WHAT TO PRODUCE:
For the data that follows, return each line unchanged and drop the pictures.

DATA SHOWN:
□ □ □ □

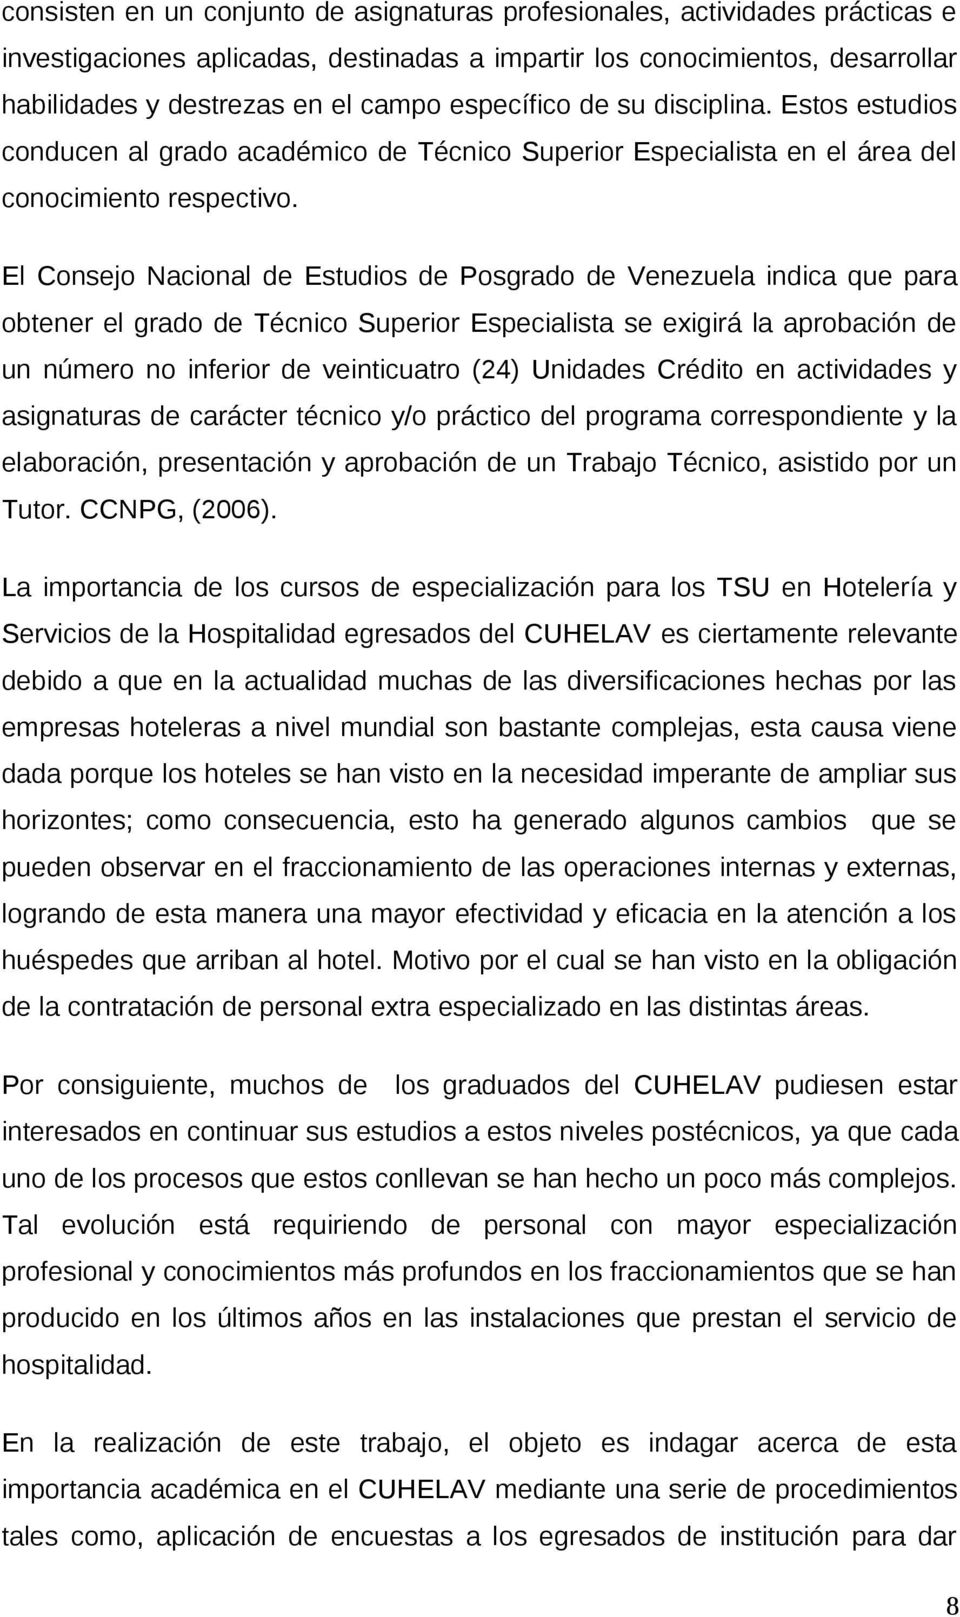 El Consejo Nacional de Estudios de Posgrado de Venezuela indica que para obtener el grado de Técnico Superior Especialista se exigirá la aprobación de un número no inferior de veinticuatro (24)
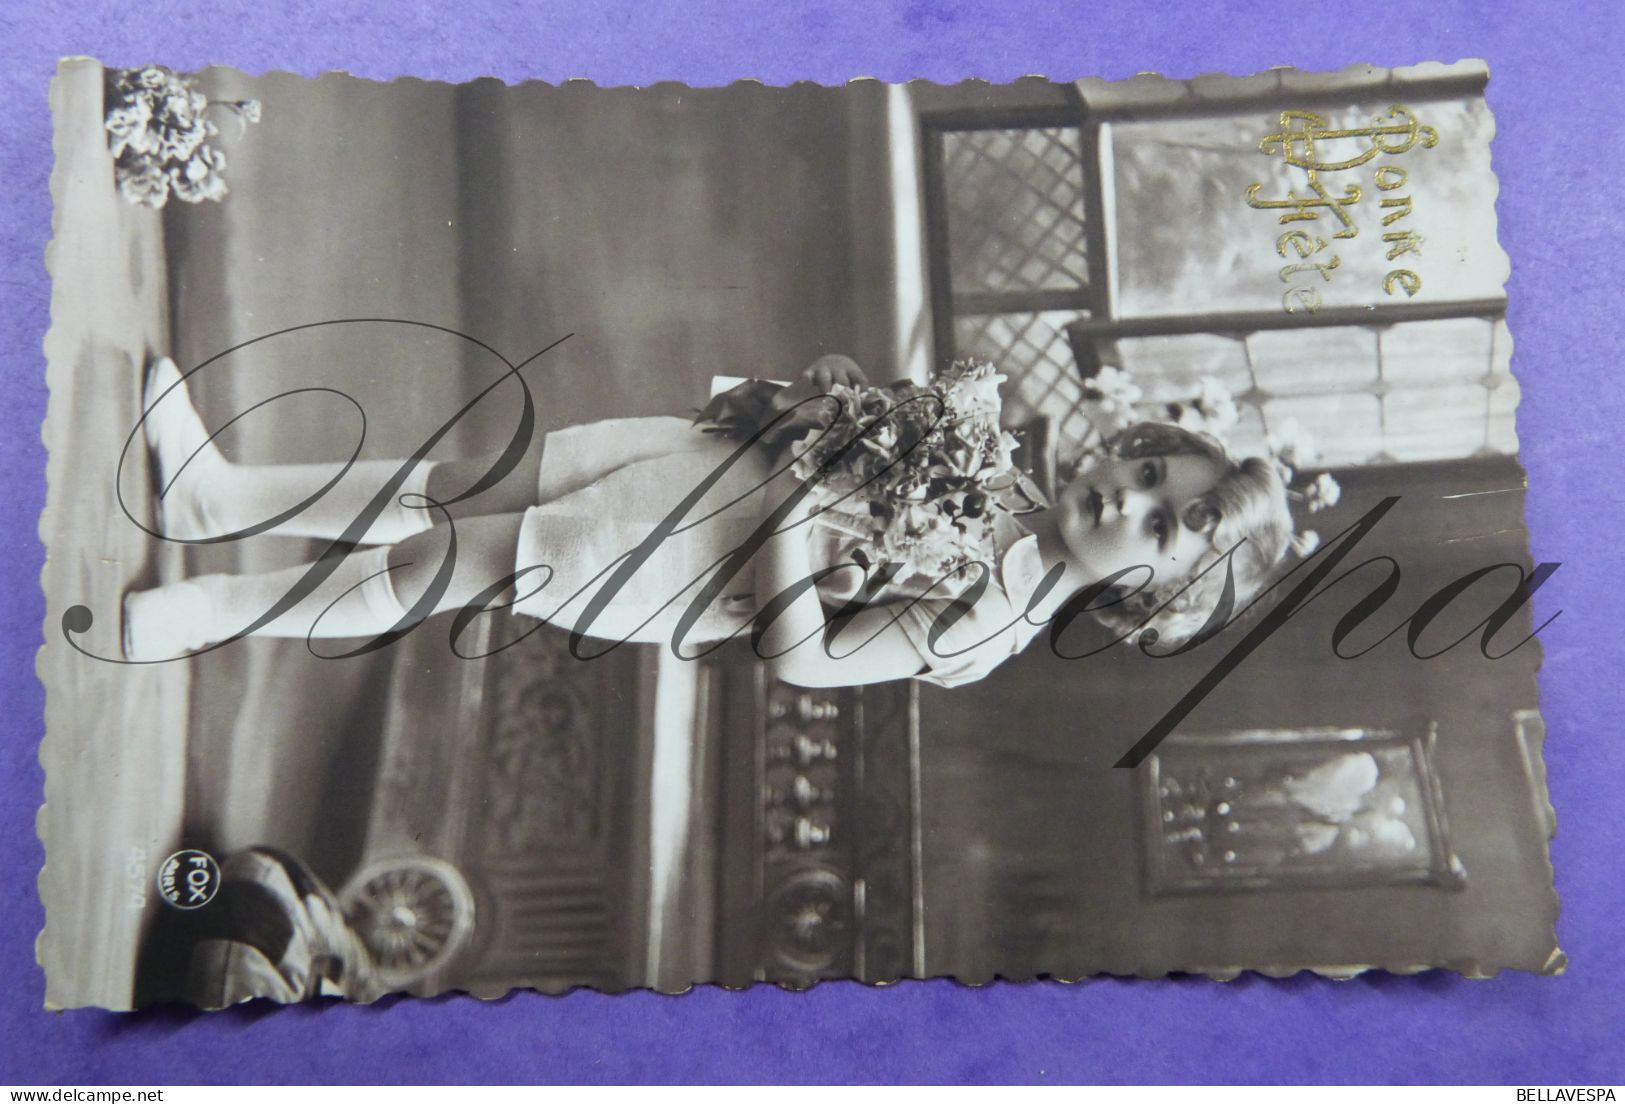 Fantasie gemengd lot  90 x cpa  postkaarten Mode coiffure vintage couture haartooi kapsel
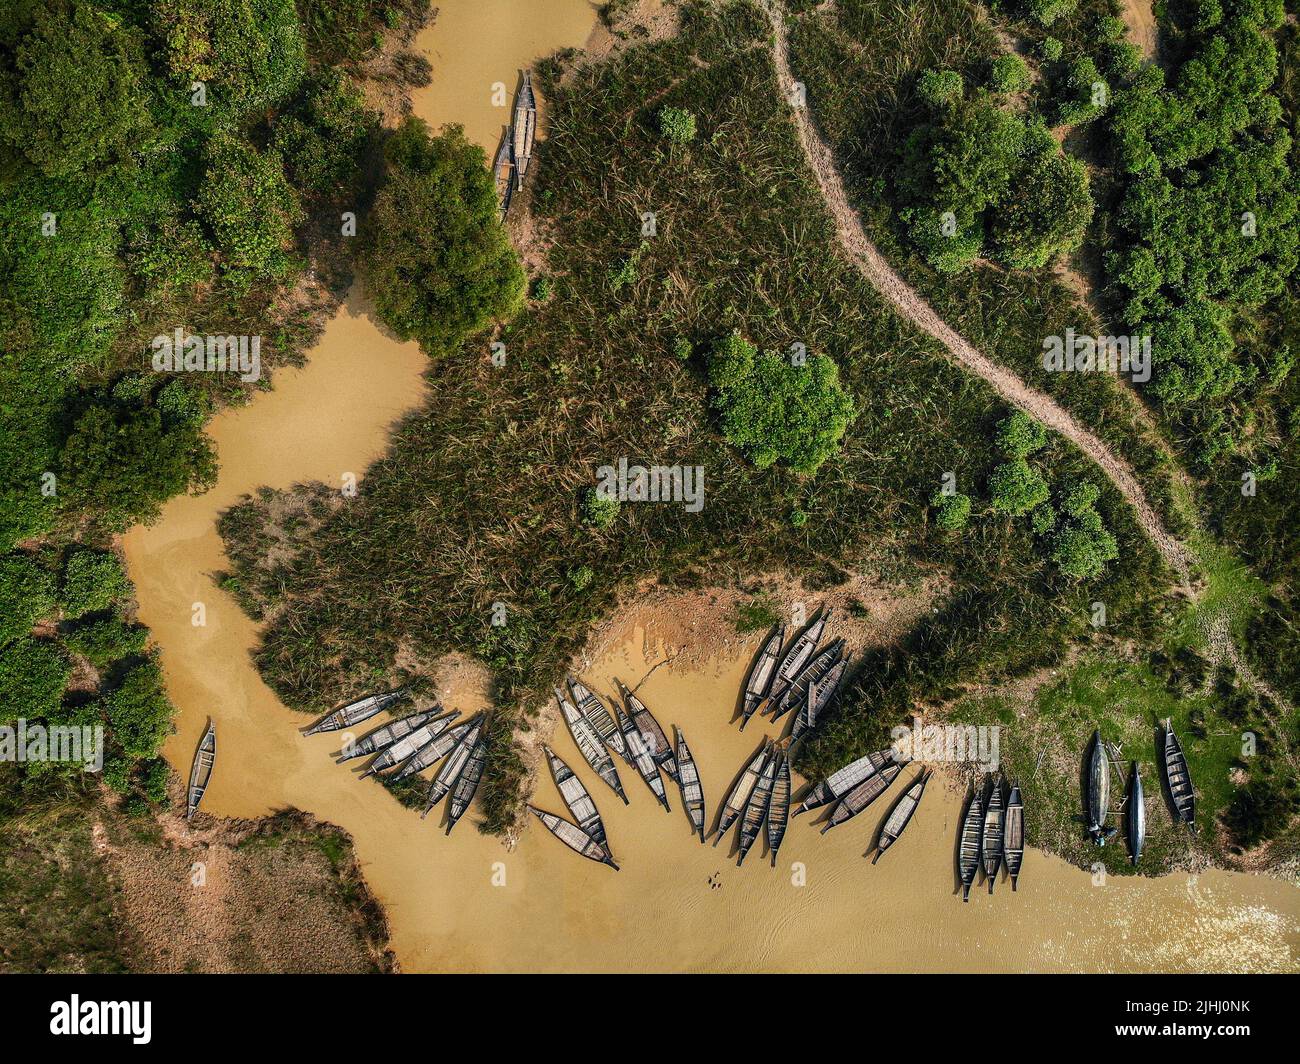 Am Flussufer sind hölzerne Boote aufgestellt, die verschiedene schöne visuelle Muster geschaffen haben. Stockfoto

□ □ □ □

TASK SOLUTION:
 El Consejo Nacional de Estudios de Posgrado de Venezuela indica que para obtener el grado de Técnico Superior Especialista se exigirá la aprobación de un número no inferior de veinticuatro (24)
 Fantasie gemengd lot  90 x cpa  postkaarten Mode coiffure vintage couture haartooi kapsel
 Am Flussufer sind hölzerne Boote aufgestellt, die verschiedene schöne visuelle Muster geschaffen haben. Stockfoto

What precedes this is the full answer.